The presentations prompted detailed discussions with researchers working on oxide interfaces, ionic migration modeling, and neuromorphic device architectures. These exchanges provided useful perspectives on how perovskite manganites compare with more established oxide systems, and how their mixed electronic and ionic conduction might be harnessed for adaptive or leaky-integrate-type behavior.

Beyond the technical sessions, MEMRISYS offered opportunities for informal discussions that helped situate our work within the broader landscape of resistive switching research. Many groups presented results on interface-type mechanisms, oxygen vacancy control, and electroforming-free device concepts, which are closely related to our ongoing efforts at the Wihuri Physical Laboratory. The conference also highlighted increasing collaboration between materials research and circuit-level modeling communities, reflecting a gradual convergence toward system-oriented memristor studies.

Outside the scientific program, Edinburgh offered plenty to explore. The Waterstones bookshop on Princes Street had an impressive selection of popular science books in its basement, which quickly became a favorite stop. Petriina left with ten excellent finds. Nearby, the Greyfriars Bobby statue and grave added a heartwarming touch to the city’s historic atmosphere. The conference dinner, held at the National Museum of Scotland, was another highlight, providing a memorable setting for conversations surrounded by the museum’s remarkable architecture and exhibits.
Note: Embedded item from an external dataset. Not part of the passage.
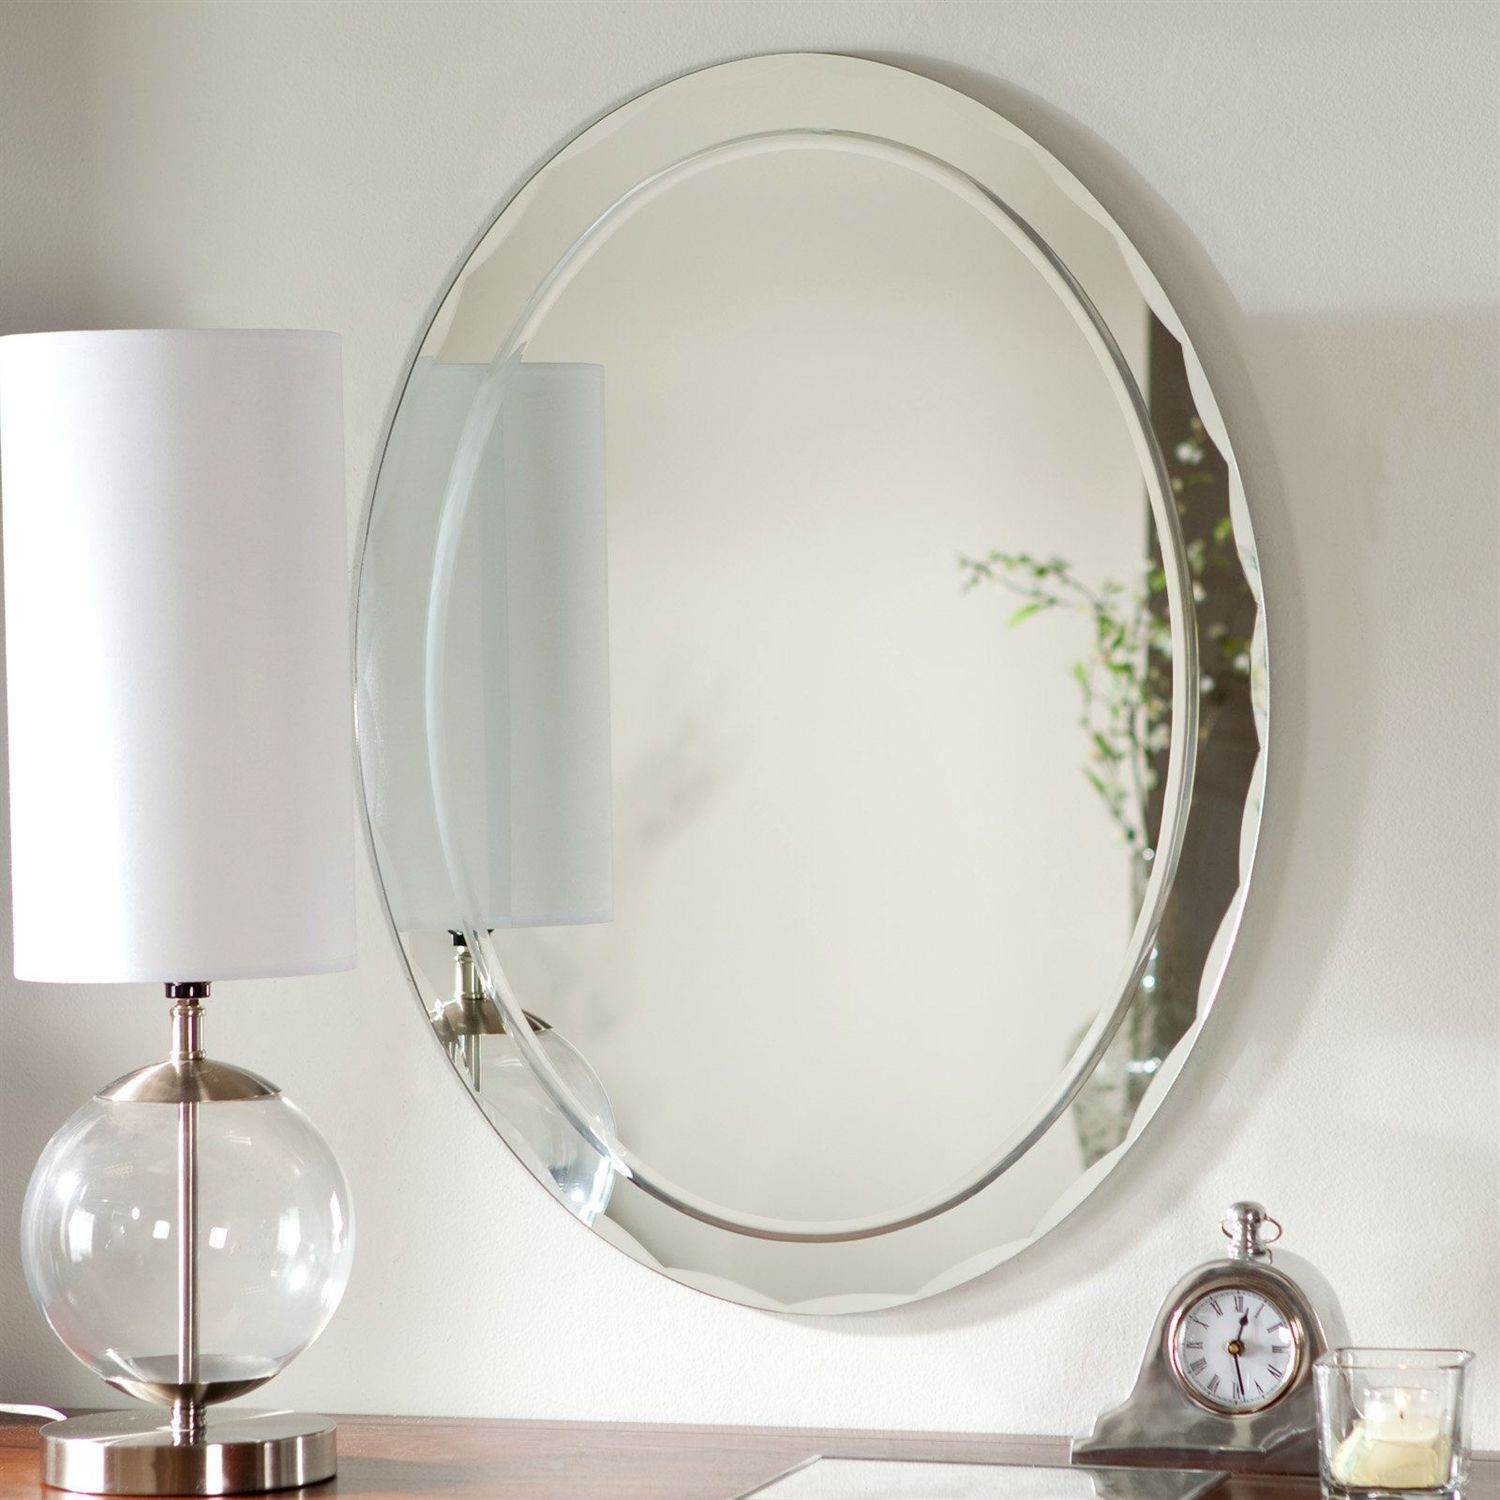 Favorite Frameless Tri Bevel Wall Mirrors In Oval Frameless Bathroom Vanity Wall Mirror With Beveled Edge Scallop Border (View 13 of 15)
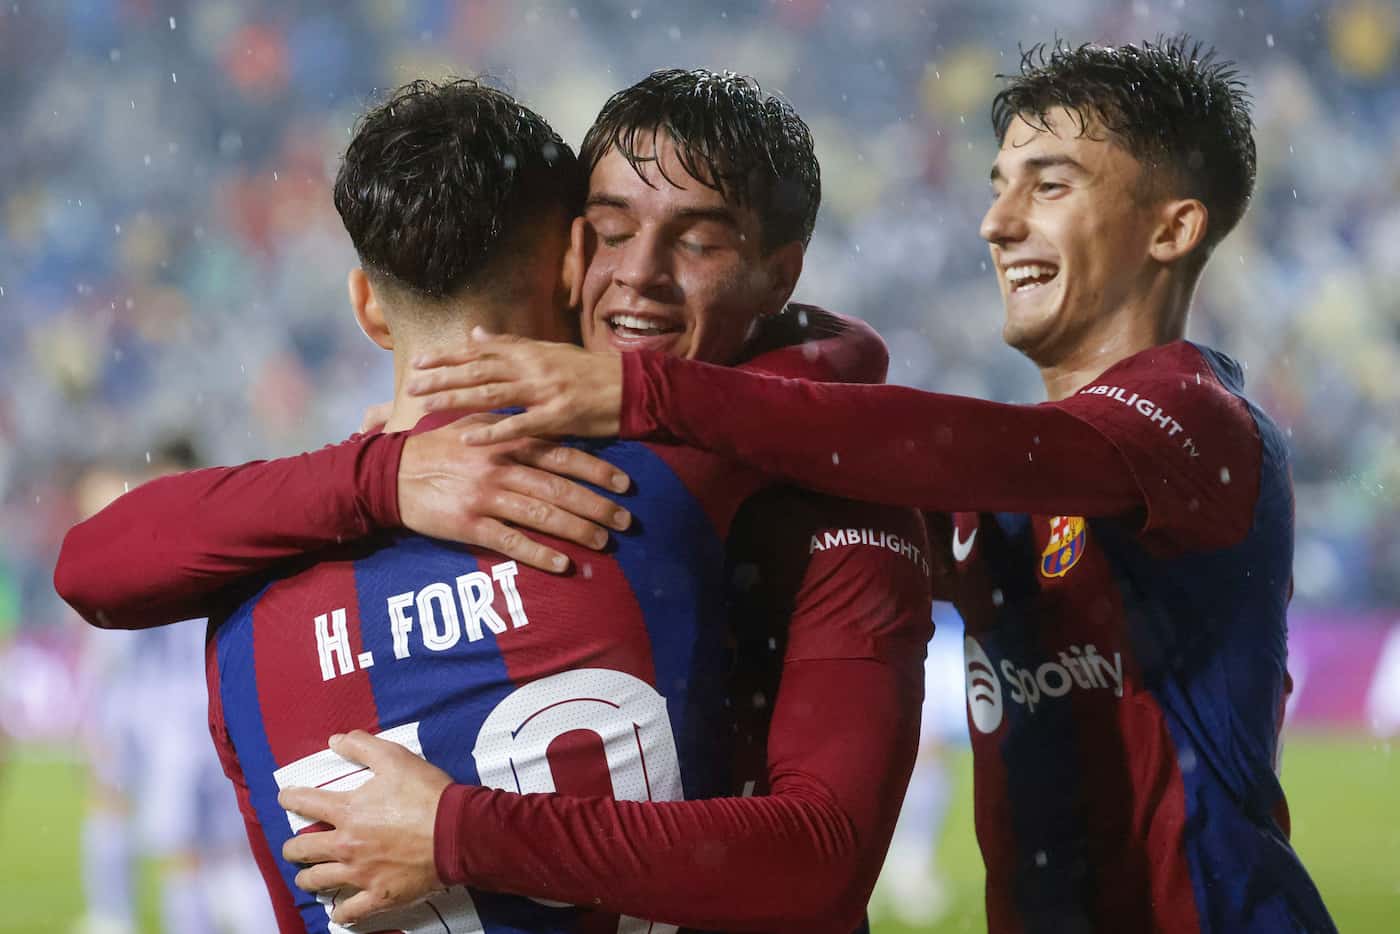 Barcelona’s Hector Fort celebrates after scoring a goal with forward Marc Guiv (center), and...

Overall, MEMRISYS 2025 was a valuable opportunity to exchange ideas and observe how the field is evolving. The research community around memristive and neuromorphic systems continues to expand, yet remains collaborative and open. We returned with new insights into experimental techniques, simulation methods, and conceptual frameworks that will inform our ongoing studies on interface-controlled resistive switching in GCMO and related oxide materials.